Life was difficult and precarious for both sexes in nomadic Indian
tribes, and other commentators felt that the women did not question
their role which was essential for survival. However, it did not accord
with European notions of femininity for women for women to be strong.
The Hudson's Bay Company men found the unladylike strength of Chipewayan
women particularly astonishing. On one occasion David Thompson sent one
of his strongest men to help a Chipewyan woman who was hauling a heavy
sled; to the man's surprise, it took all his strength to budge the load.

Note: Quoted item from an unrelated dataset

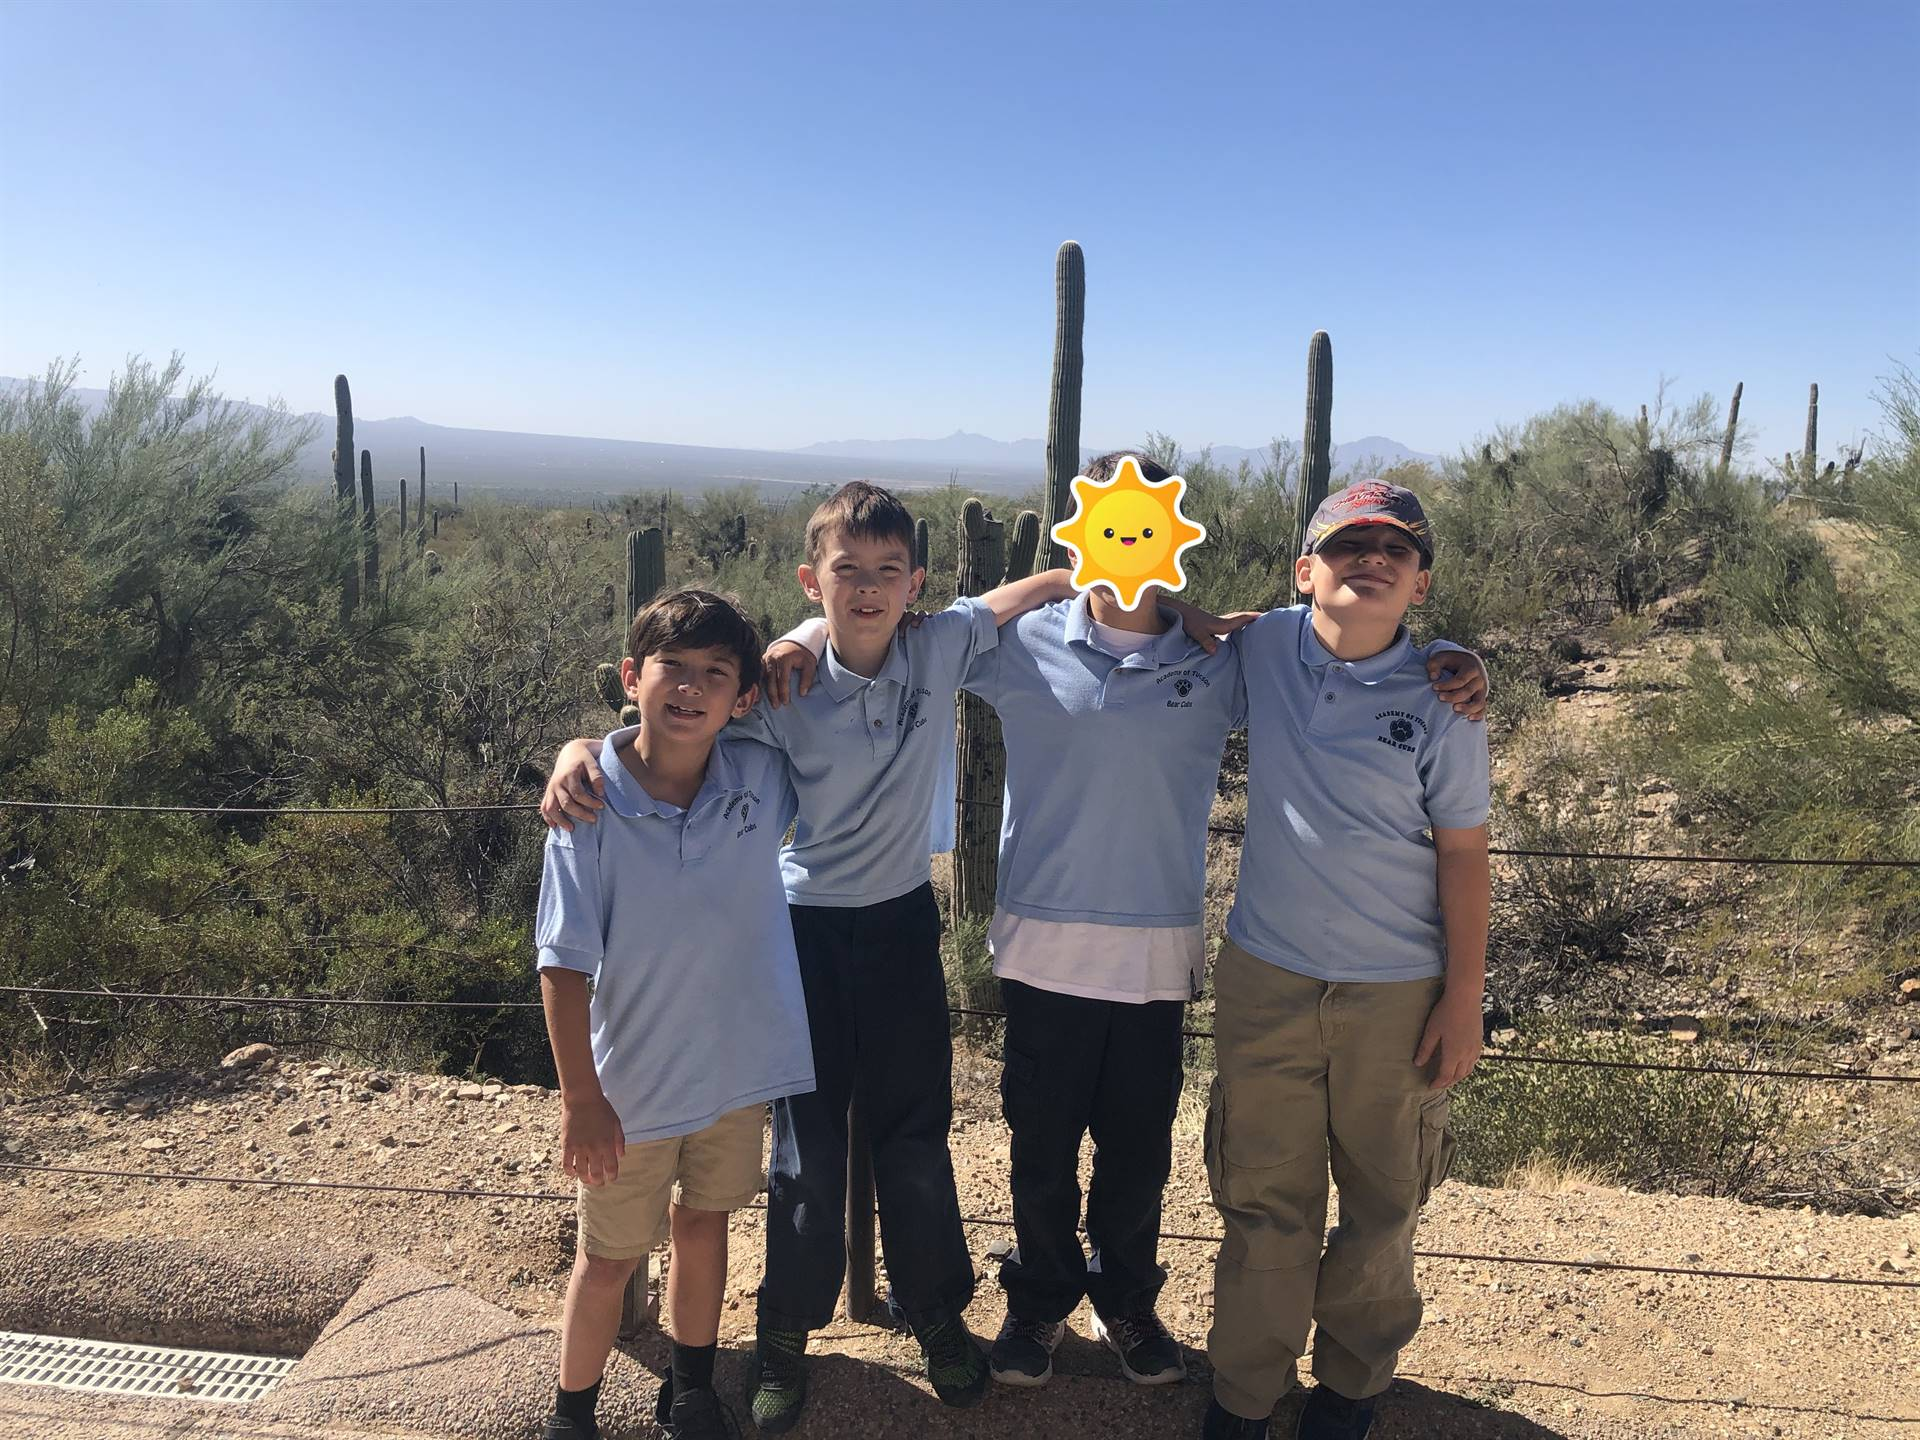 students pose in front of desert landscape

The Chipewayan themselves took the superior strength of women for
granted. As a famous chief Matonabbee declared, "Women... were made
for labour; one of them can carry, or haul, as much as two men can do." Samuel Hearne perceived that the Chipewayan evaluated
women by different criteria than did the European. Physical prowess and
economic skill took precedence over delicate features:
Ask a Northern Indian, what is beauty? he will answer, a broad
flat face, small eyes, high cheek-bones.. a low forehead, a large
broad chin, a clumsy hook-nose, a tawny hide, and breasts hanging down
to the belt. Those beauties were greatly heightened, or at least
rendered more valuable, when the possessor is capable of dressing all
kinds of skins, converting them into the different parts of their
clothing, and all to carry eight or ten stone in Summer, or haul a
much greater weight in Winter.
The positions adopted by Indian women in labour, either squatting
or kneeling over a low object, seemed to lessen the length and pain of
parturition. Concerned at the lack of help and attention which "the
sex" received in childbirth, Samuel Hearne endeavoured to explain
to Indian women the benefits of the use of midwives as in Britain.. He
was met with the contemptuous response that such interference was
probably the cause of the humpbacks, bandy legs and other deformities
which the Indians observed among their English visitors. James Isham, on
the other hand, found Indian attitudes commendable. After observing how
soon Cree women resumed their heavy work, he was prompted to suggest
that Englishwomen were too often unnecessarily pampered. "I think
it's only pride and ambition, that takes in Keeping their bed a full
month, and putting a poor C'n to Charge and Experience for aught."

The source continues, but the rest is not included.